How is sensuality different to sexuality? …the principle
differences
Sensuality can sometimes be confused with sexuality as it
can seem that the two entwine which they do to some degree so what is the definition
of both terms and what are the differences?
Being sensual and feeling that energy within your body is
not solely connected to having a healthy sex drive although that can be a part
of it. However if you delve deeper into sensuality it becomes apparent that to
really feel that sensuality within yourself first of all you need slow down
your rhythm of thought and really focus on your senses within.
We all have 5 basic senses of sight ,hearing, smell, touch
and taste which help us to perceive the world around us and enable us to relate
to it but how many of us really do focus into our senses because that is the
key and first step to feeling and becoming more sensual in our body and mind.
For example you may be enjoying a meal, do you simply just eat the food you
prepared with no thought or do you savour the texture, colour and appearance,
if you are taking a walk in the park do you take a direct route with no
awareness of what is around you or do you listen to the wind rustling the
leaves or become aware of the vibrations and energy from the trees as you pass
by?
Everything in creation is made from energy and we all have
the ability to feel it if we are able to just slow down and become more aware
of the world around us this is a lesson I had to learn, I spent too many years
of my life rushing around and working excessive hours which enabled me to
achieve an important goal and yet in the process also saw me miss out on so
many important life experiences. It was only when I slowed down and began to
focus within myself and not on the outside world that I really began to connect
to my sensuality and as a result tantra became an essential part of my life.
Through that inner connection part of my work as a therapist is now helping
others to discover that sensuality and connection within their own bodies so
that sensuality can become a way of life for them rather than just a physical
pleasure.
It is our birth right to feel that sensuality within
ourselves as our body was made to feel pleasure which does not always come from
sexual experiences, so why is it that some of us feel afraid of being sensual?

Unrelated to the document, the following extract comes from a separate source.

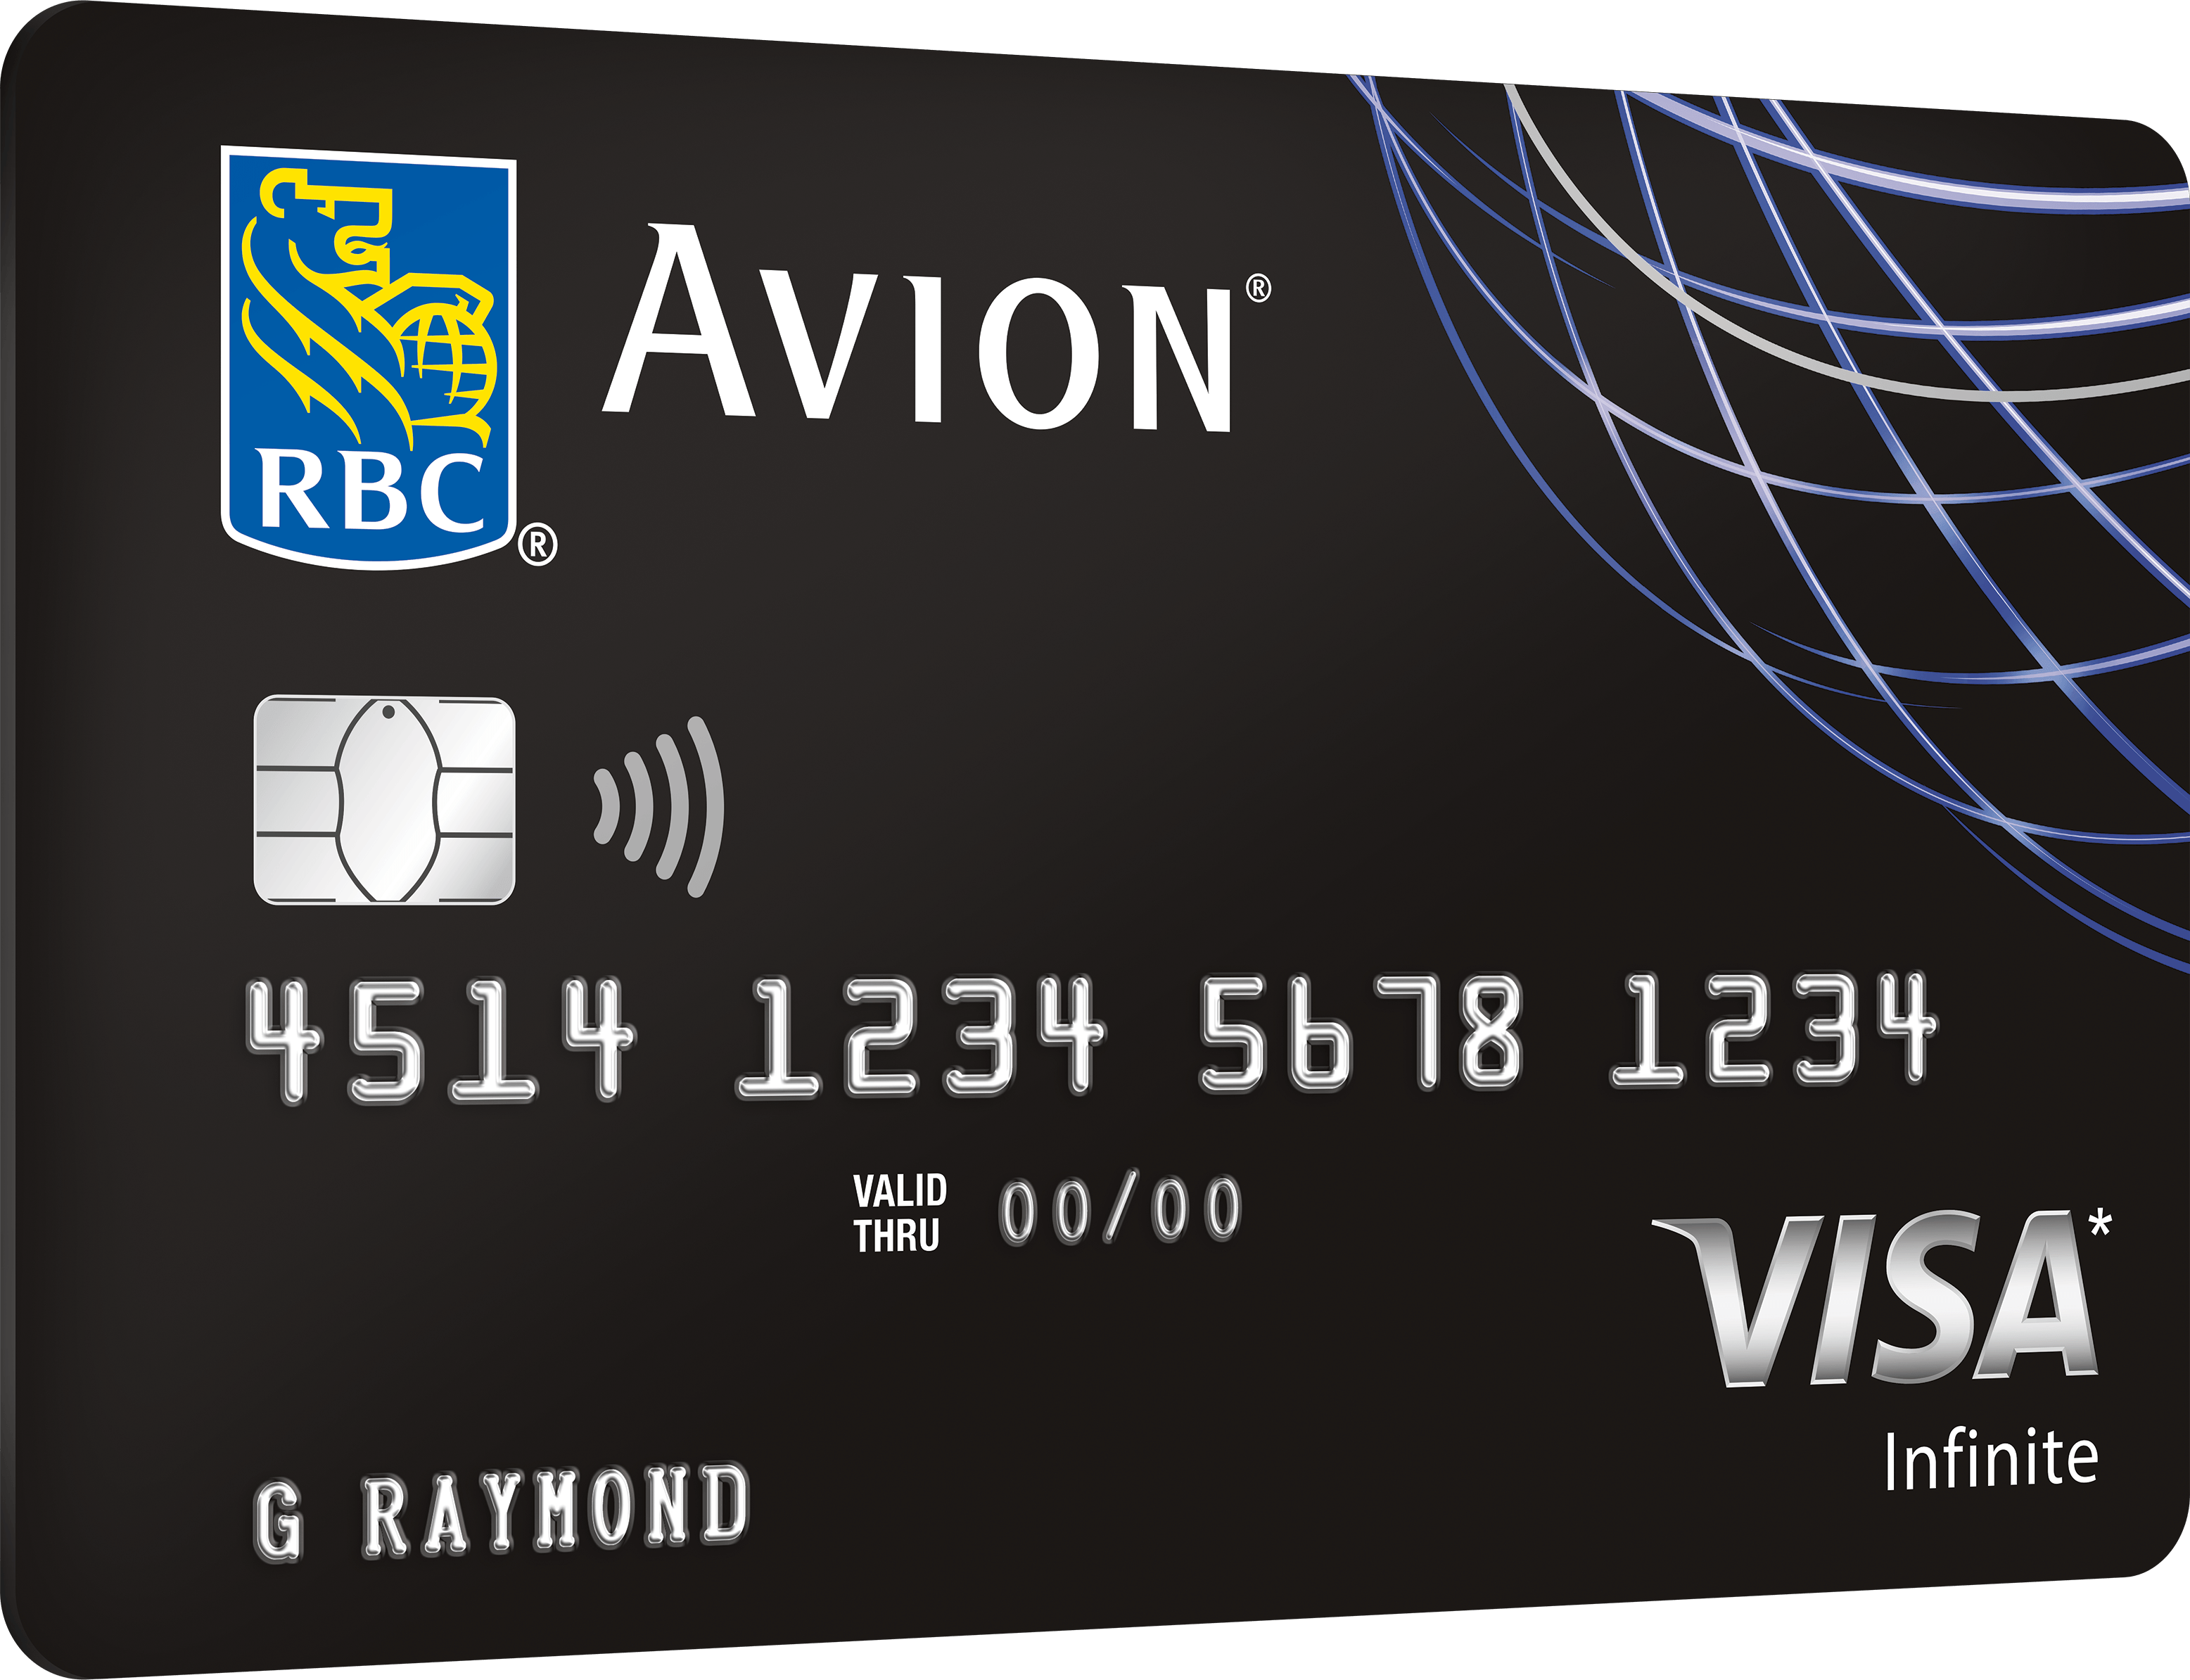 RBC Avion Visa Card

There are numerous reasons Religion, unrequited desire or fear of judgement
from others can all be governing factors that can result in us feeling a sense
of guilt or repression. Perhaps you had a very strict upbringing also and sex
was never discussed hence making it almost impossible for you to connect with
yourself and your body on a sensual basis for fear or what others may feel or
think.
So how can we learn to clear the blocks within so we can
learn to connect more fully with our sensuality? The first step is to release
all limiting beliefs through inner child work and self-nurturing. Give yourself
permission to feel pleasure in all forms and through all the senses, allow your
body to play and experiment with what does and doesn’t give you pleasure.
Create a sensual self-ritual where you get familiar with your mind and body this
goes so much deeper than simply experiencing physical pleasure, why not prepare
yourself a bubble bath with candles and soft music then as you feel your body
unwind become aware of the ripples on the water, the warmth on your skin and
the flickering light of the candle flame. Becoming and activating your
sexuality is only possible through being completely present with every
experience as that is what heightens your sexual element, paving your path so
you can become fully aware of what your body does and does not enjoy and
finding the balance between feeling free to enjoy pleasure yet also able to set
healthy boundaries when necessary.
Our sensuality resides in our lower chakras and energy
centres which also governs our feelings of safety and security and therefore
finding that essential balance is very important to enable us to explore freely
and yet still feel safe. So if sensuality is the ability to feel through the
senses and connect internally what is sexuality? We all have an animal instinct
inside of us an urge or desire to connect and intertwine with others our body
is made to feel pleasure otherwise we would have been designed a different way ,feeling
arousal is a natural and healthy state
of mind and this is raw sexuality and yet the two are so very different.
Sensuality is a way of life, it is taking the journey to
release the inner blocks so you are able to feel true bliss and connection with
not only your own body and mind but also your partners, it is our life energy. Sexuality
is a pure animal instinct to have our desires fulfilled, it’s a physical drive
not needing a connection within or with another and yet sensuality can and does
exist without sexuality and yet sexuality cannot exist without sensuality.